The displacement of canines in a palatinal direction is a positional dental anomaly and can generally happen even if there is adequate place in the dental arch. This situation frequently results in the impaction of the ectopic tooth. There is an association between the malpositions of certain teeth, such as palatally displaced canines, mandibular lateral incisor-canine transposition and maxillary canine-first premolar transpositions and tooth agenesis. Similar for tooth agenesis, the positional anomalies of canines have been shown to affect some family members and thought to be under strong genetic control.
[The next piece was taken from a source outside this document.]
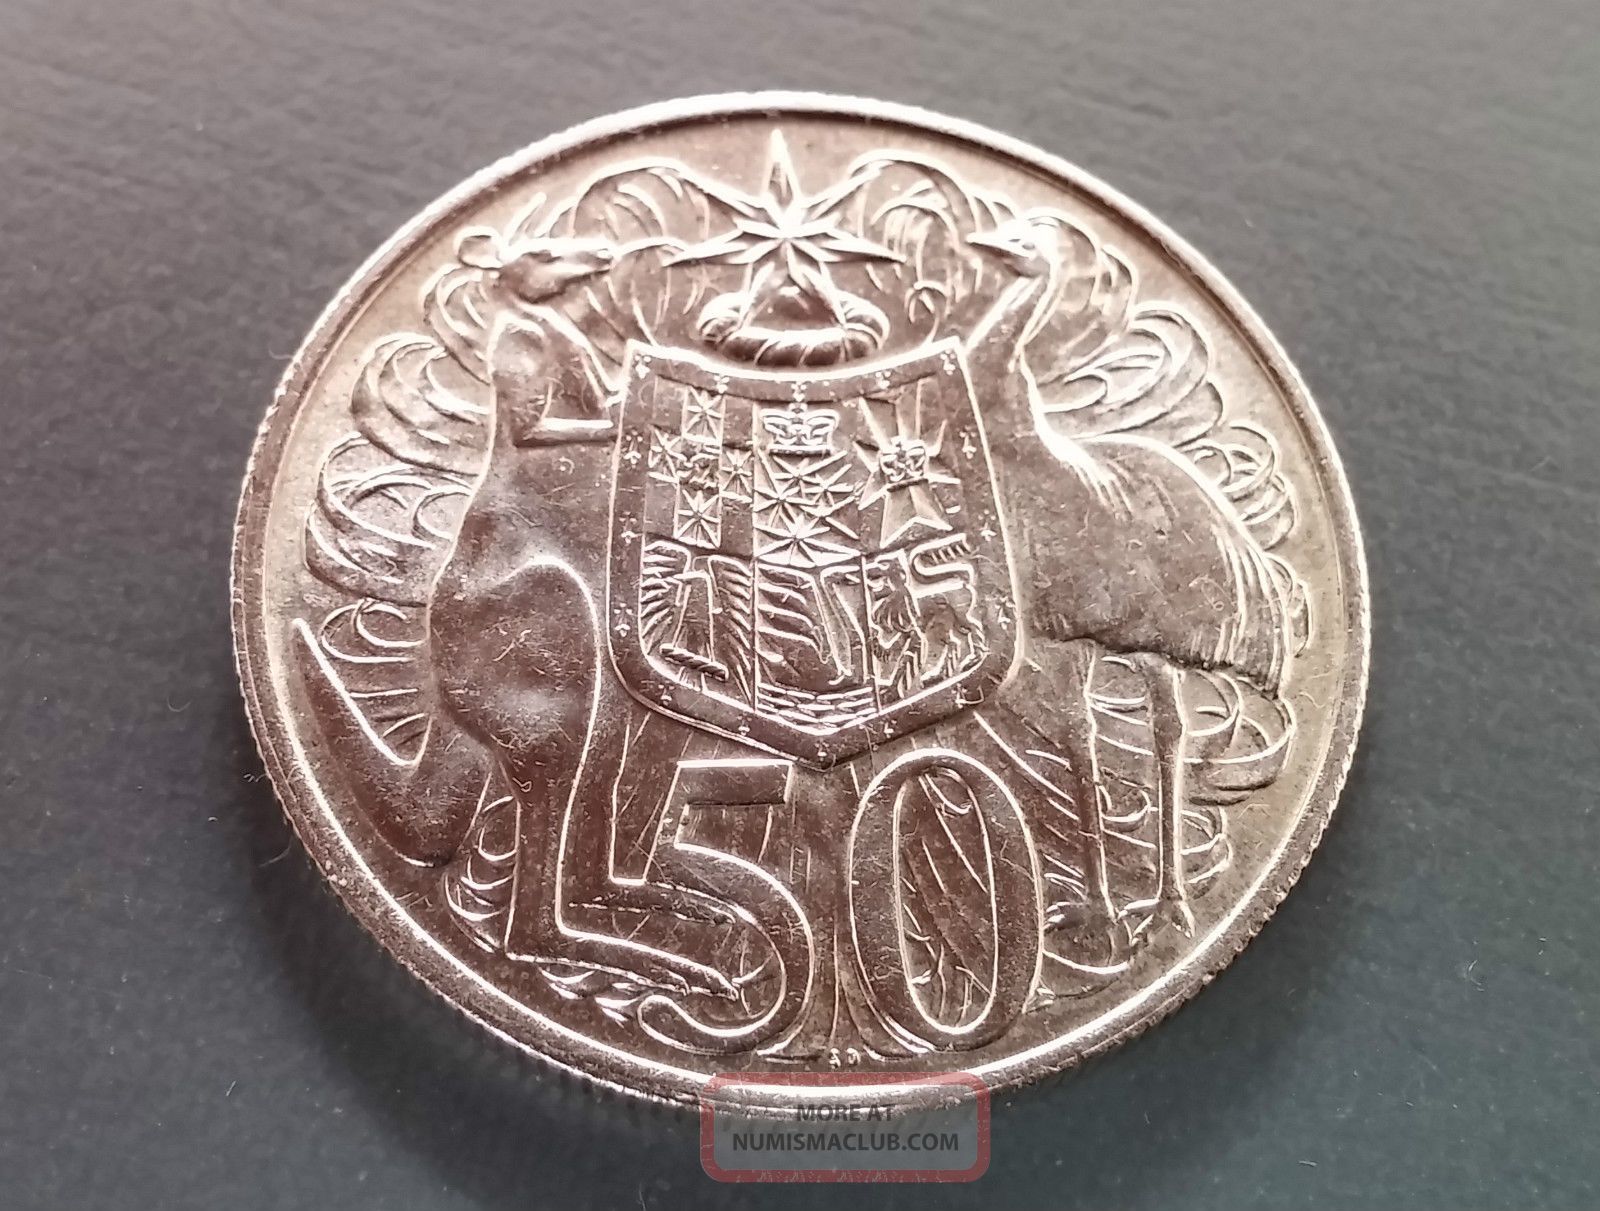 buy silver coins in australia

Some authors suggested that the ectopic canines exhibit a multifactorial inheritance pattern with high phenotypic variance and low penetrance.[37555657585960] Peck et al.[26] reported that palatally displaced and frequently impacted canines and mandibular lateral incisor-canine transposition were related to congenitally missing third molars in the posterior orofacial area. Similarly, an association between the maxillary canine-first premolar transposition and maxillary lateral incisor agenesis in the anterior orofacial area may exist. Furthermore, the agenesis of the lower second premolar, which is located in an intermediate zone is related to all the positional anomalies of canines.
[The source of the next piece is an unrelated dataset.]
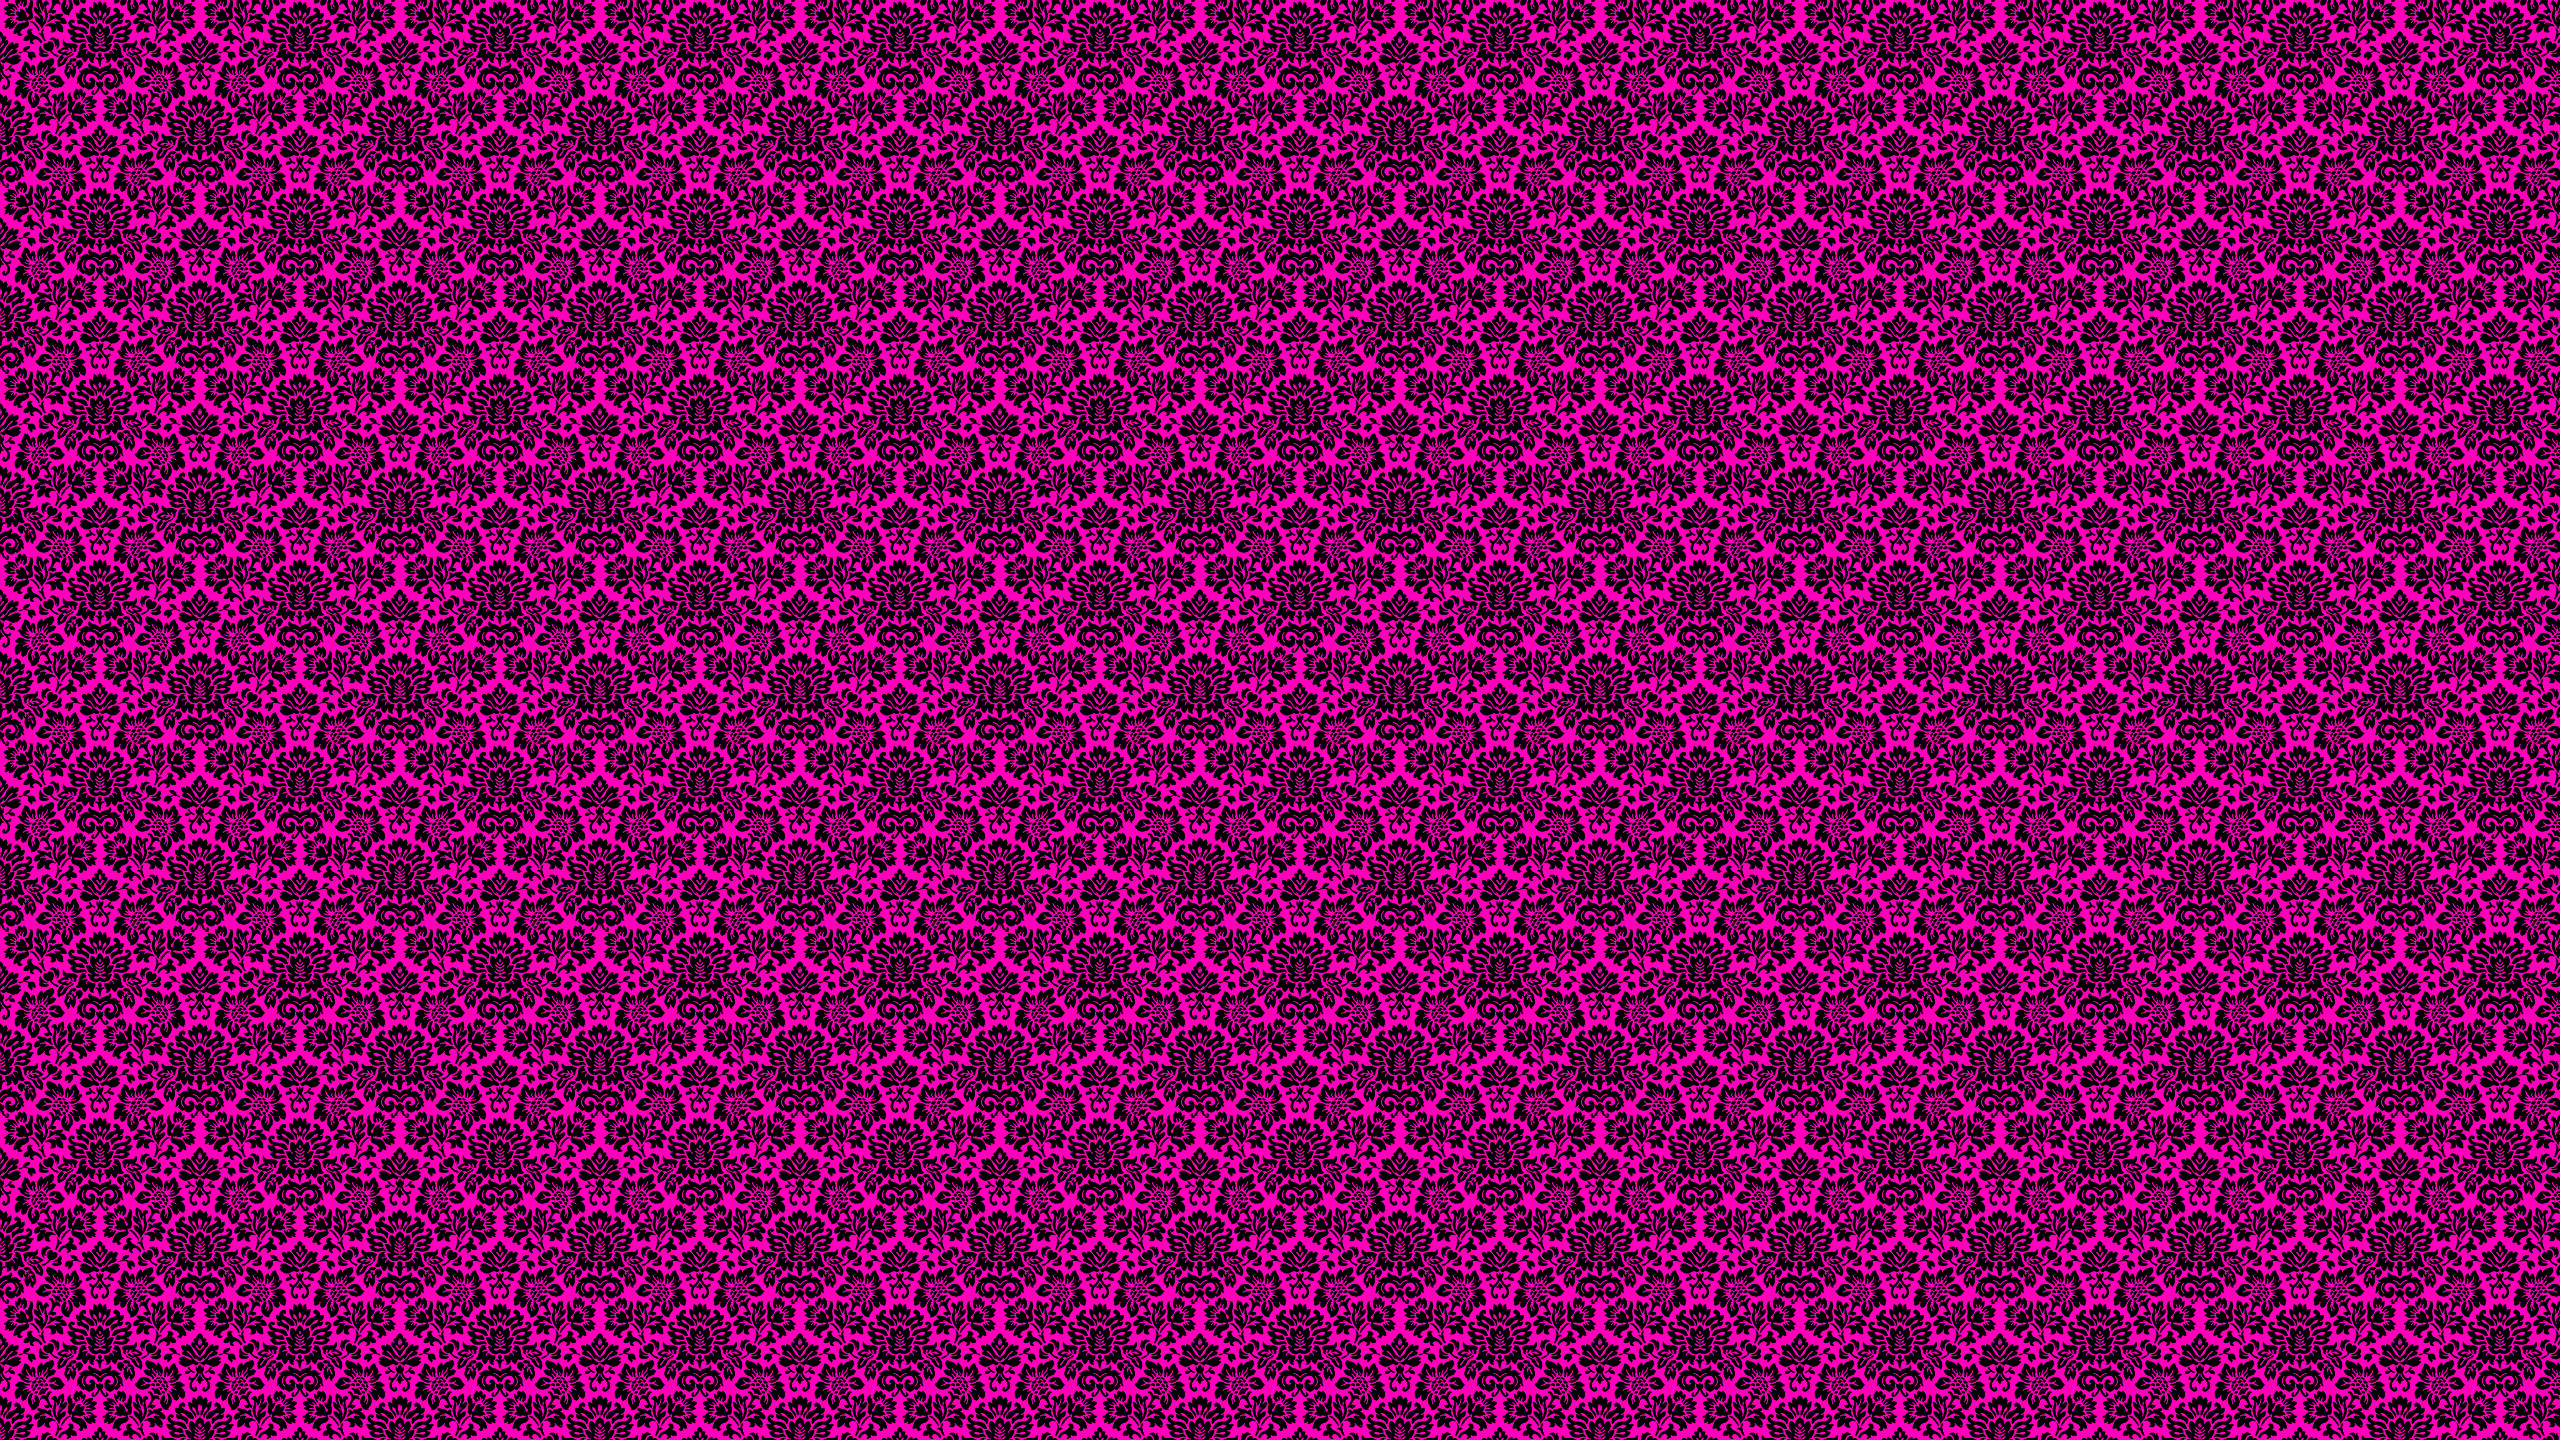 2560x1440 Pink wallpaper

The anteroposterior morphogenetic field concept, proposed by Butler in 1939,[61] supports the current molecular investigations such as the determination of the interaction between a single gene and site specific orofacial expressivity. HOX genes, which play a role in oral and dental development are known to show site specific anteroposterior expression patterns.[6263] MSX1, regulator gene in the third molar and lower second premolar agenesis, may be responsible for posterior site development.[13] In addition to the other posterior area genes, which are Dlx-1, Dlx-2[34] and Barx-1,[56] Pax9 also control the development of all of the molars.[19] Furthermore, Neubüser et al.,[7] reported that there is an association between Pax9 transcription factor and repositioning of tooth buds on the mesenchymal level. This theory might give a clue to researchers about the genetic mechanisms of dental positional anomalies such as palatally displaced canines or different kind of transpositions. It appears that tooth agenesis, tooth size and position anomalies, which are often seen together, are the components of a complex, genetically controlled dental condition. Dental malpositions such as rotations, eruption failures and ankylosis are among other anomalies complicating this dental condition.[6465]

CONCLUSION

The etiology of dental anomalies is partly environmental and partly genetic. Because of the polygenic nature of dental characteristics, it is very challenging to identify one single defective gene responsible for a specific dental anomaly. However, recent studies provide new data about the candidate genes. Further studies are required and the rapid progress in the field of genetics may help the clinicians to more accurately discern the environmental and genetic factors contributing to the development of dental anomalies. Currently, the orthodontist, probably the first to diagnose hereditary dental anomalies and malocclusion of an individual, will remain responsible for the detection of any additional defects in the same patient in order to provide the best treatment. The clinician should always keep in mind that some of those dental anomalies can coexist with certain syndromes and other family members might also have been affected. Whenever it seems necessary, a genetic consultation should be added as part of the orthodontic treatment. Finally, this interdisciplinary approach may help to reveal any risk of recurrence in subsequent generations.